**Your task**
Please return the listing below word for word, minus its pictures.

**Data block**
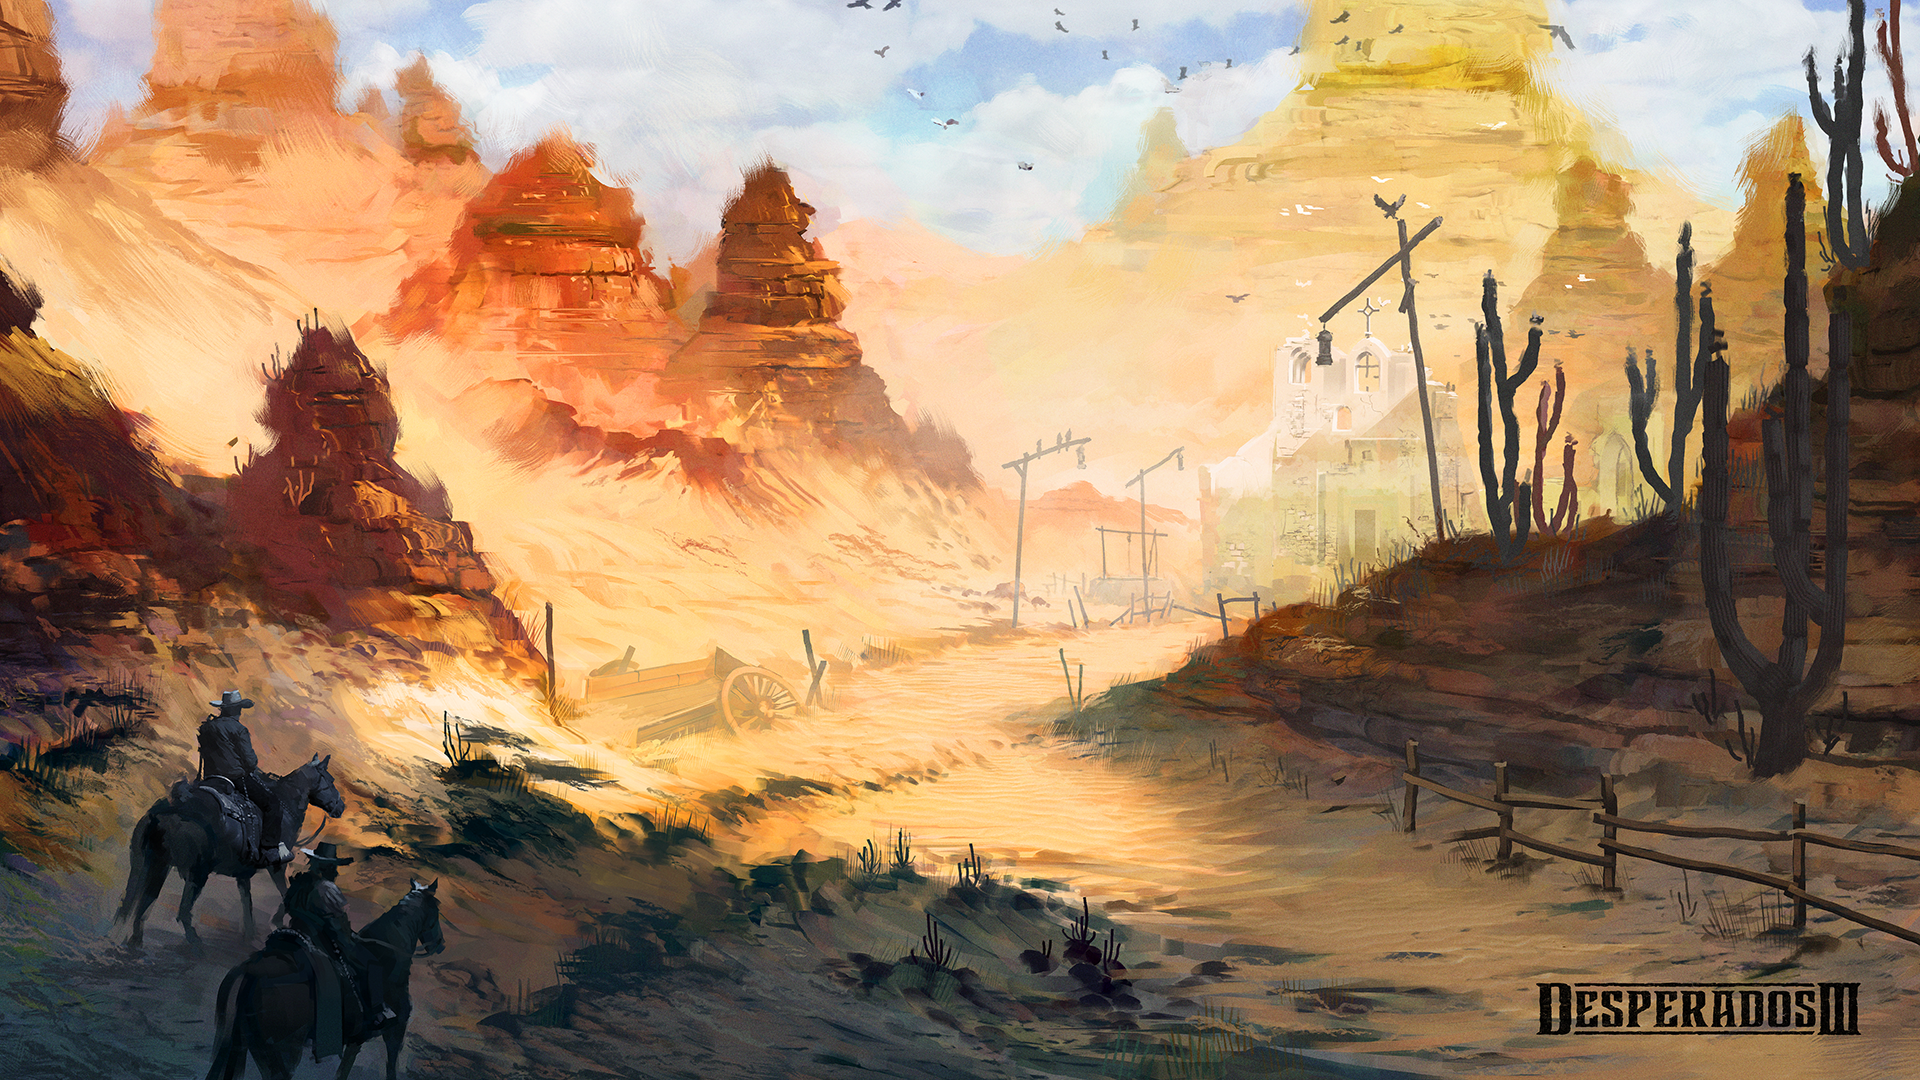 Desperados 3 Ruins Mood Concept By Lucas Reiner On Deviantart
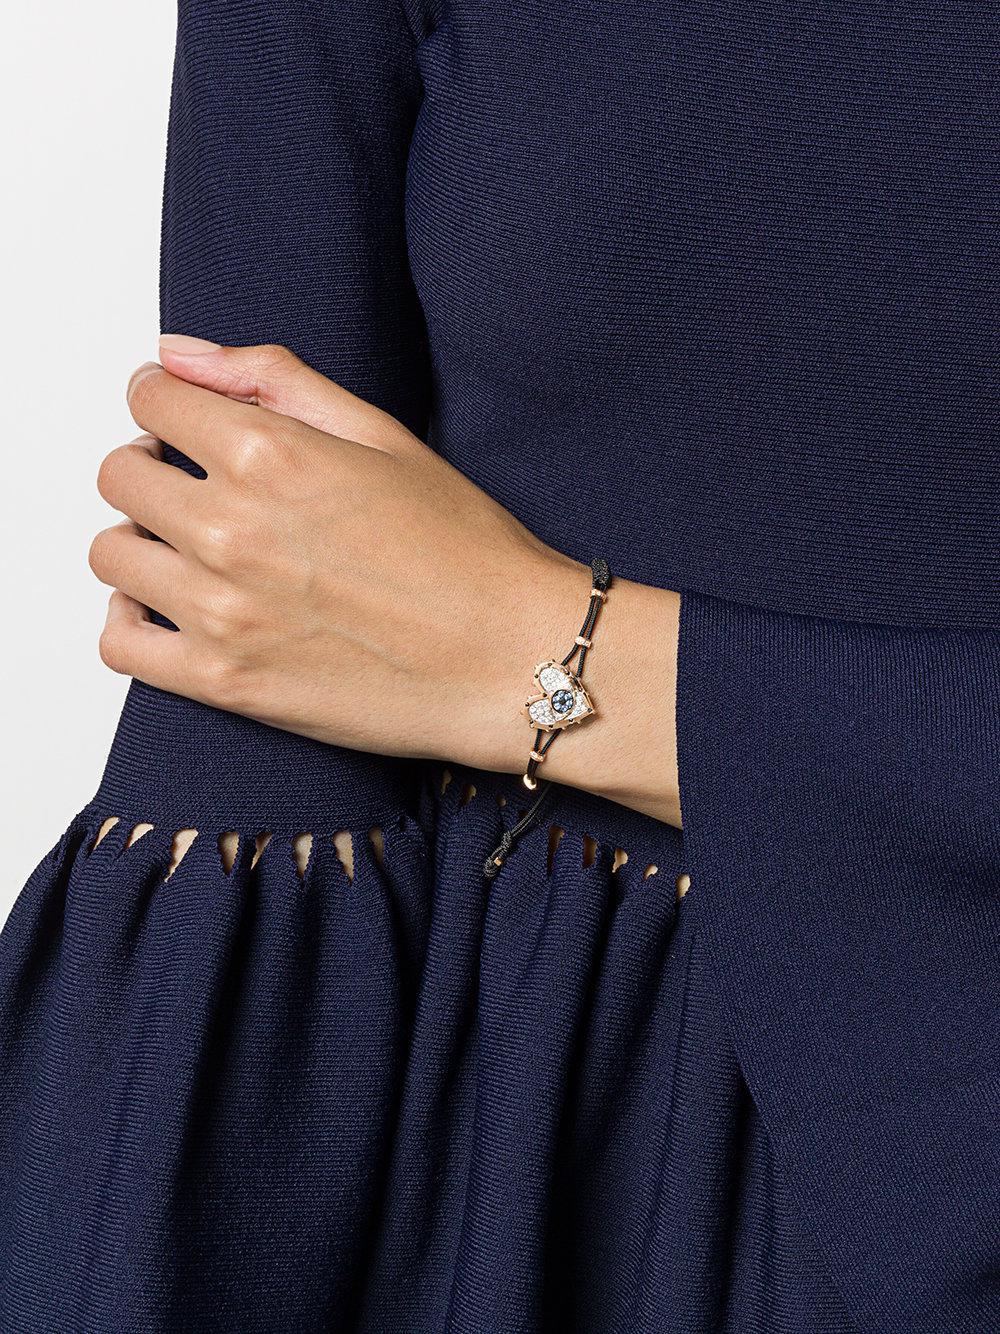 3a2d06f46 ... 18kt Rose Gold, Diamond And Sapphire Evil Eye Heart Charm Bracelet.  View fullscreen
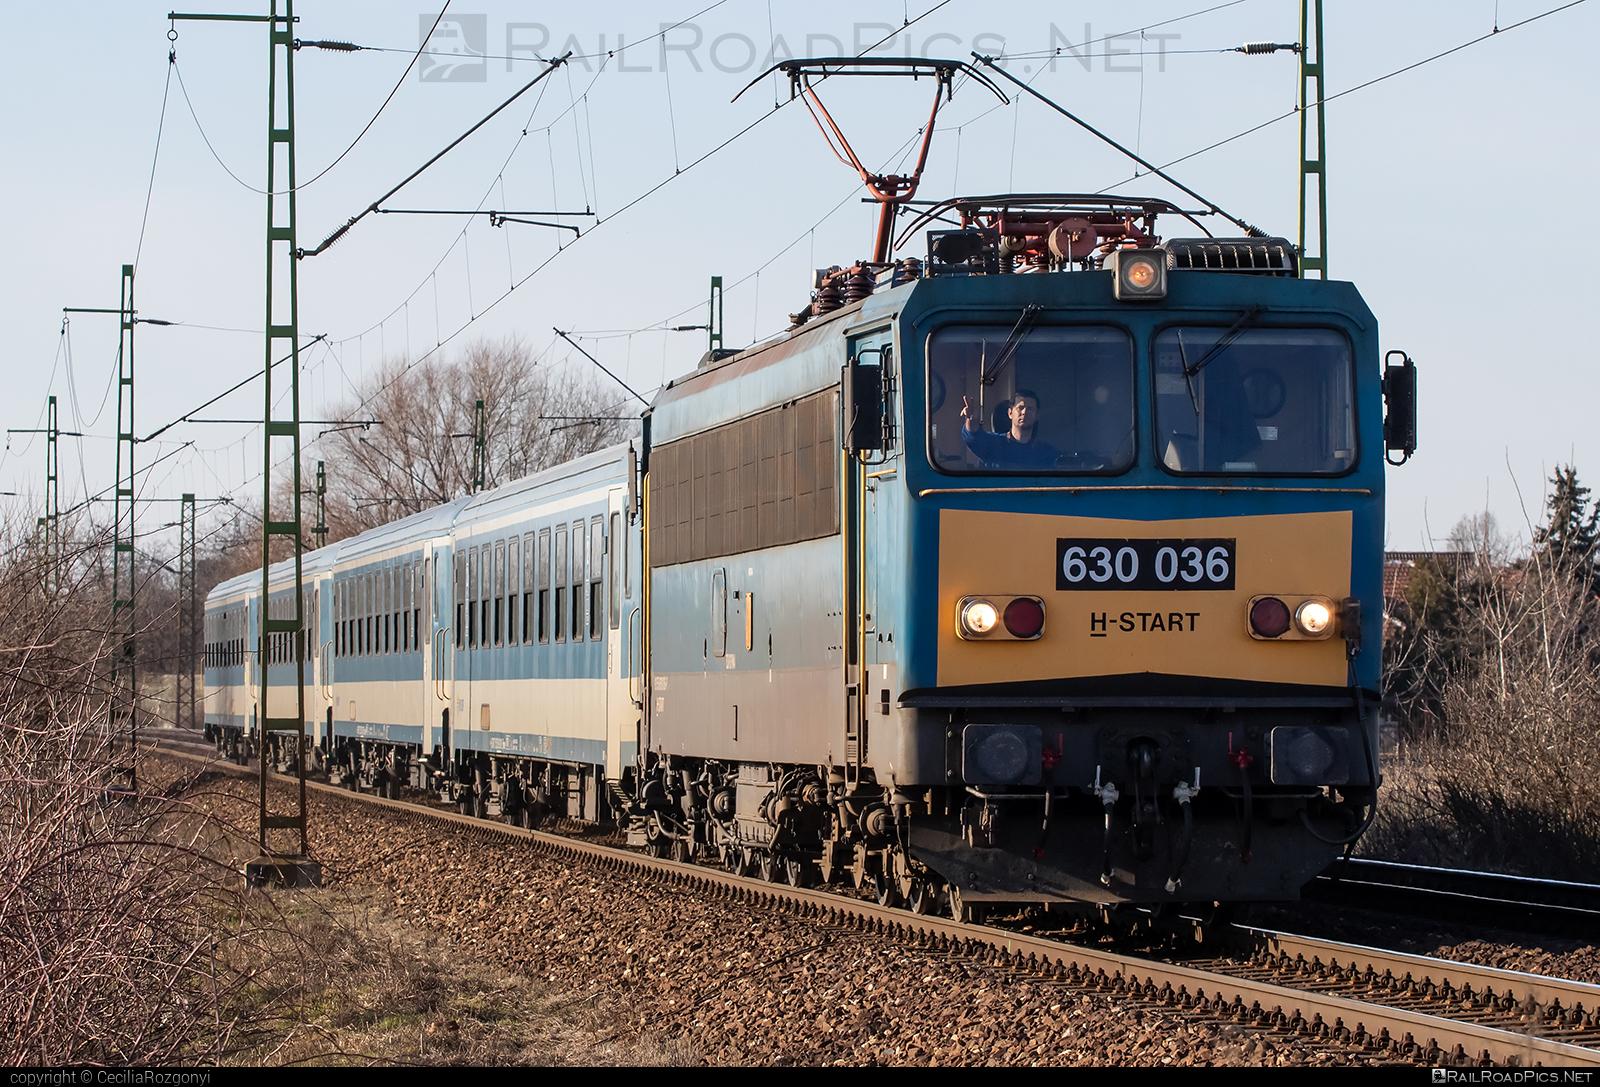 Ganz-MÁVAG VM15-4 - 630 036 operated by MÁV-START ZRt. #ganz63 #ganz630 #ganzmavag #ganzmavag63 #ganzmavag630 #ganzmavagvm154 #locomotive630 #mav #mavstart #mavstartzrt #v63locomotive

**Output for this exercise**
 Desperados 3 Ruins Mood Concept By Lucas Reiner On Deviantart
 3a2d06f46 ... 18kt Rose Gold, Diamond And Sapphire Evil Eye Heart Charm Bracelet.  View fullscreen
 Ganz-MÁVAG VM15-4 - 630 036 operated by MÁV-START ZRt. #ganz63 #ganz630 #ganzmavag #ganzmavag63 #ganzmavag630 #ganzmavagvm154 #locomotive630 #mav #mavstart #mavstartzrt #v63locomotive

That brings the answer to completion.